Дальнейшее рассказывать долго, да и ни к чему. Скажу только о главном. Пока полыхали дебаты, я уже прохлаждался на лугу — из шатра меня бесцеремонно выперли, а затем, налопавшись душистой пшенной каши, понемногу клевал носом под полотняным навесом, прикрывавшим обеденный стол от жарких лучей солнца.

Спустя два часа прискакал еще один сакмагон, но на сей раз настоящий. Что уж он там наговорил воеводам, понятия не имею, но те завозились поэнергичнее и где-то ближе к вечеру приняли загадочное решение — с места не трогаться, но станы собирать, а тем временем заслать гонцов к царю, который со своими опричниками расположился наособицу, причем западнее, то есть почти на пути основных татарских сил. Как скажет государь, так они и поступят.

В дорогу снарядили десяток, включая меня с настоящим сакмагоном, Пантелеймона и остроносого. Все ратники были из полка Воротынского. Старшим назначили Пантелеймона, но только над прочими сопровождающими, а главным представителем и докладчиком текущего положения дел был молодой веснушчатый парень с задорно вздернутым курносым носиком.
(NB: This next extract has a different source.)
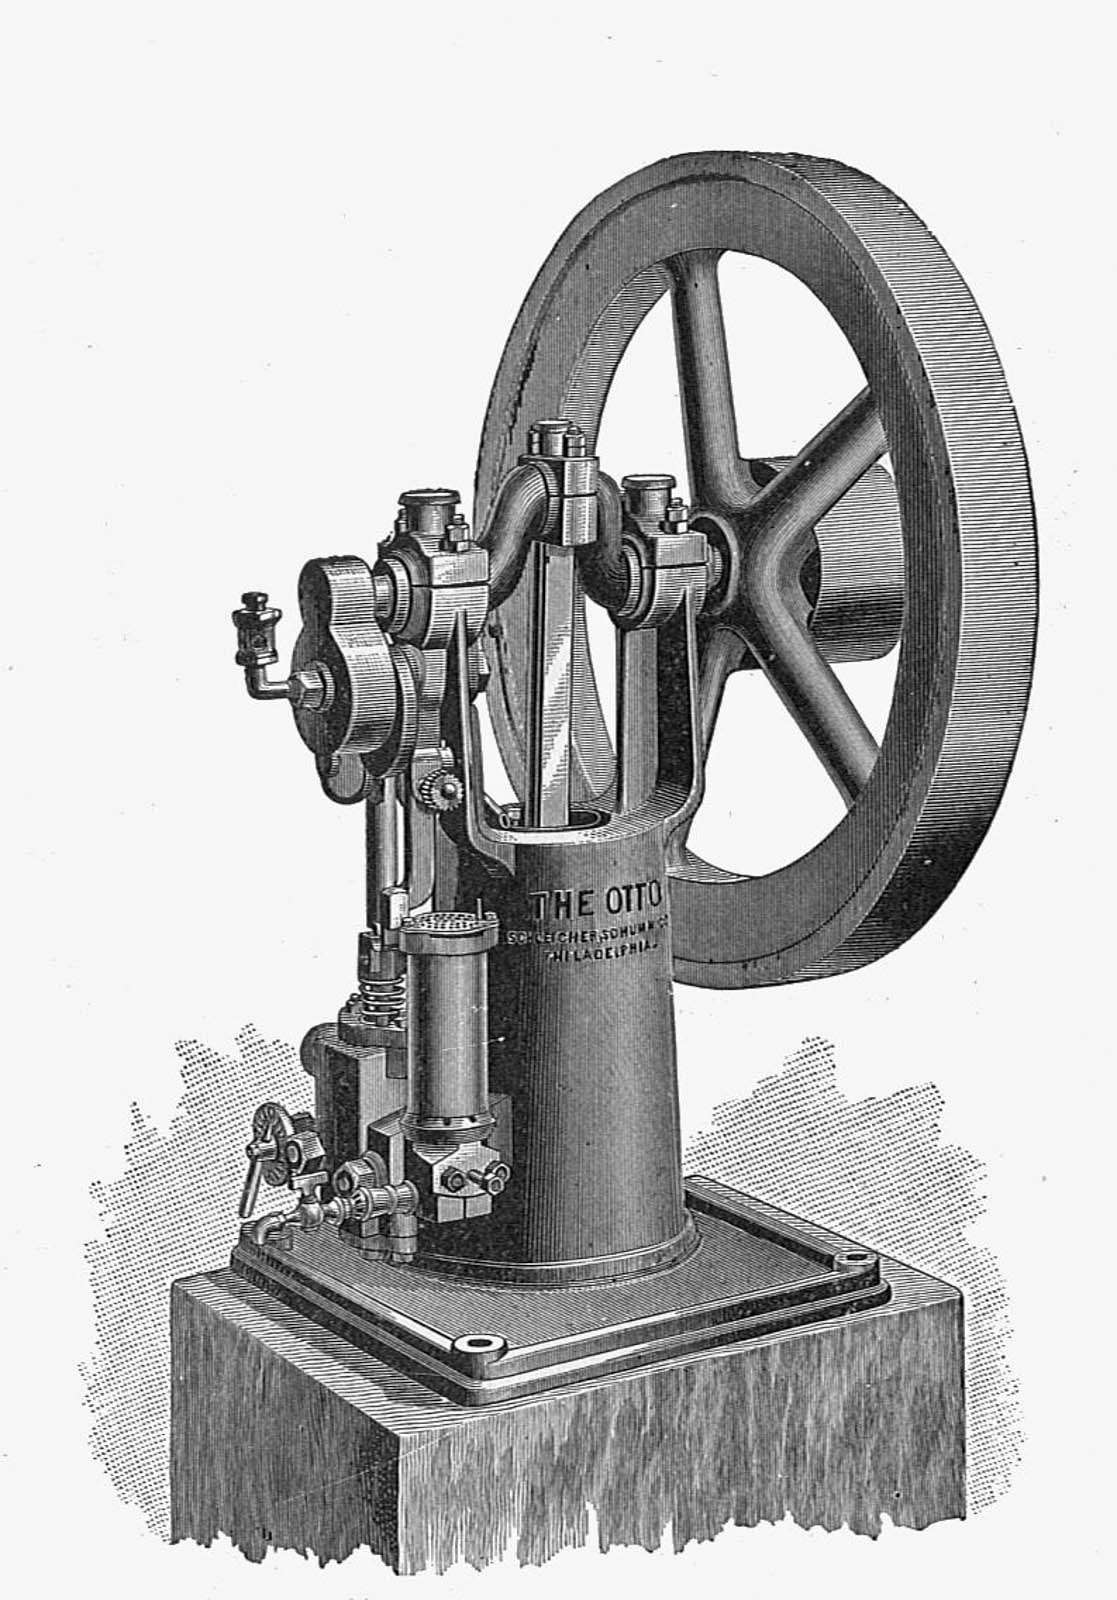 Первый рабочий двигатель с четырехтактным циклом, который сегодня используется почти на всех автомобилях, был построен немецким инженером Николаусом Отто. Потому четырехтактный цикл известен сегодня и как цикл Отто.

— А что, фрязин, верно сказывают, будто за морями-акиянами есть земля, где люди вовсе черные ходют и совсем нагишом? — улыбчиво спросил он меня, едва мы тронулись в путь.

— Верно, — кивнул я. — Только не нагишом. На поясе у них повязка.

— Ишь дикие совсем, а знают, что уд[48] хоронить надобно, — засмеялся он и тут же: — А меня Балашкой кличут. Сызмальства так прозвали, когда я еще толком словеса не выговаривал и ковшик так кликал[49],— пояснил парень чуть стыдливо. — Да я не обижаюсь. А правда, что…

Пока ехали он, честно говоря, изрядно притомил меня своими вопросами. Любознательность из него так и выпирала, не давая ни минуты покоя ни ему, ни окружающим.

Хотя на самом деле был он далеко не прост — в этом я убедился еще на подъезде к царскому стану, раскинувшемуся близ Серпухова. Вначале он всполошил его своим неожиданным появлением — охрана у опричников была организована не ахти, и Валашка в надвигающихся сумерках сумел проскользнуть через сторожевые разъезды, как нож сквозь масло.

Вообще-то затея была рискованная. Никто не возражал, потому что поначалу даже не поняли, зачем он нас остановил, едва вдали показались огненные точки костров. Остановил и, спрыгнув со своего коня, припал ухом к земле. Слушал Валашка недолго, с минуту, после чего еще раз огляделся по сторонам, зачем-то загибая пальцы на левой руке, затем на правой, вновь на левой, при этом беззвучно шевеля губами. Что считает парень — загадка, зачем мы тут стоим, когда нам осталось всего ничего, — еще более непонятно. Но он — старший, так что ждали и помалкивали.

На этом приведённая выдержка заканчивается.